We can use the Seatbelts dataset built into R. First, we
can set it up as a dataframe in R
# Load the dataset into a dataframe
df <- as.data.frame(Seatbelts)
We can use the law variable as our dichotomous value, as
this takes a value of 0 or 1, depending on if the seatbelt law was in
effect that month. We want to predict the value of
DriversKilled, which will be our dependent
variable. We can use the front variable as our
quadratice term, and the kms (distance driven) as our
quantitative term
# set up the number of front-seat passengers killed as our quantitative term
df$front2 <- df$front ** 2
Now, we can create our linear model
mlm <- lm(DriversKilled ~ front2 + kms + law, df)
summary(mlm)
##
## Call:
## lm(formula = DriversKilled ~ front2 + kms + law, data = df)
##
## Residuals:
## Min 1Q Median 3Q Max
## -44.748 -12.231 -1.382 13.969 41.662
##
## Coefficients:
## Estimate Std. Error t value Pr(>|t|)
## (Intercept) 9.260e+01 8.944e+00 10.353 <2e-16 ***
## front2 6.050e-05 5.058e-06 11.963 <2e-16 ***
## kms -9.865e-04 5.095e-04 -1.936 0.0544 .
## law 6.193e+00 4.969e+00 1.246 0.2142
## ---
## Signif. codes: 0 '***' 0.001 '**' 0.01 '*' 0.05 '.' 0.1 ' ' 1
##
## Residual standard error: 17.86 on 188 degrees of freedom
## Multiple R-squared: 0.5126, Adjusted R-squared: 0.5048
## F-statistic: 65.91 on 3 and 188 DF, p-value: < 2.2e-16
The coefficients represent the weights for each term in our model.

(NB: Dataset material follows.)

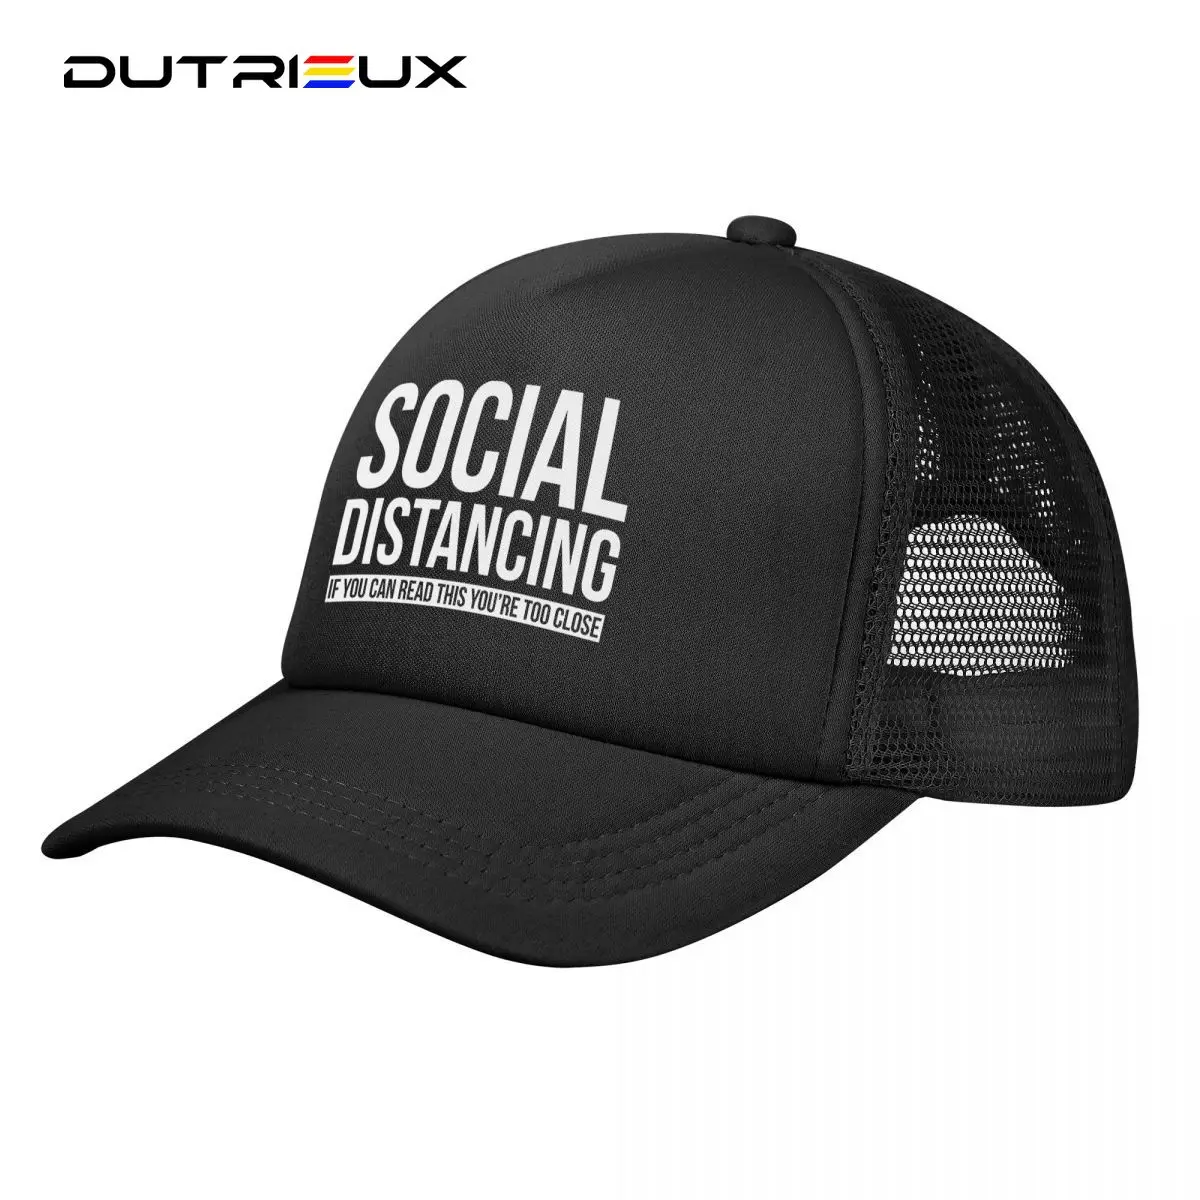 

SOCIAL DISTANCING IF YOU CAN-READ THIS YOU RE TOO CLOSE Baseball Cap for Men Women Snapback Adjustable Unisex Fishing Mesh Hats

For each input variable, an increase of one “unit” will increase our dependent variable by \(9.260x10^1\). The \(R^2\) value tells us the amount of variability in our dependent variable that can be accounted for by our independent variables.
Our F-statistic compares our model to a model with no independent variables. Since our p-value for this F-statistic is less than the typical significance level (\(\alpha=0.05\)), we can accept the alternative hypothesis that our model outperforms a model with no independent variables
# Plotting our variables to see if there's a general linear relationship
df$x <- df$front2 + df$law + df$front
plot(df$x, df$DriversKilled)
The above plot looks to show a general linear relationship between our
dependent variable (
DriversKilled) and our independent
variables
We can use the plot.lm function to plot the needed
graphs for testing our regression assumptions.
plot(mlm)
Our QQ-plot is relatively linear from an eye test, and there does not appear to be any pattern in our plot of residuals vs fitted values as well.
hist(mlm$residuals)
This plot looks linear, but it’d be nice to quantify this a bit more. From last week’s discussion board, we can use a Schapiro-Wilk test to
shapiro.test(mlm$residuals)
##
## Shapiro-Wilk normality test
##
## data: mlm$residuals
## W = 0.99086, p-value = 0.2639
Our p-value is higher than our significance level of 0.05, so we can not reject the null hypothesis that our residuals are not normally distributed
From last week’s discussion, we can test the assumption of
homoscedasticity (equal variance of residuals for each value of our
predictor variables) with a Breusch-Pagan
test. We can use the bptest in R from the
lmtest library to test this assumption at a significance
level of \(\alpha=0.05\)
bptest(mlm)
##
## studentized Breusch-Pagan test
##
## data: mlm
## BP = 21.776, df = 3, p-value = 7.261e-05
Since our p-value is less than 0.05, we can assume homoscedasticity.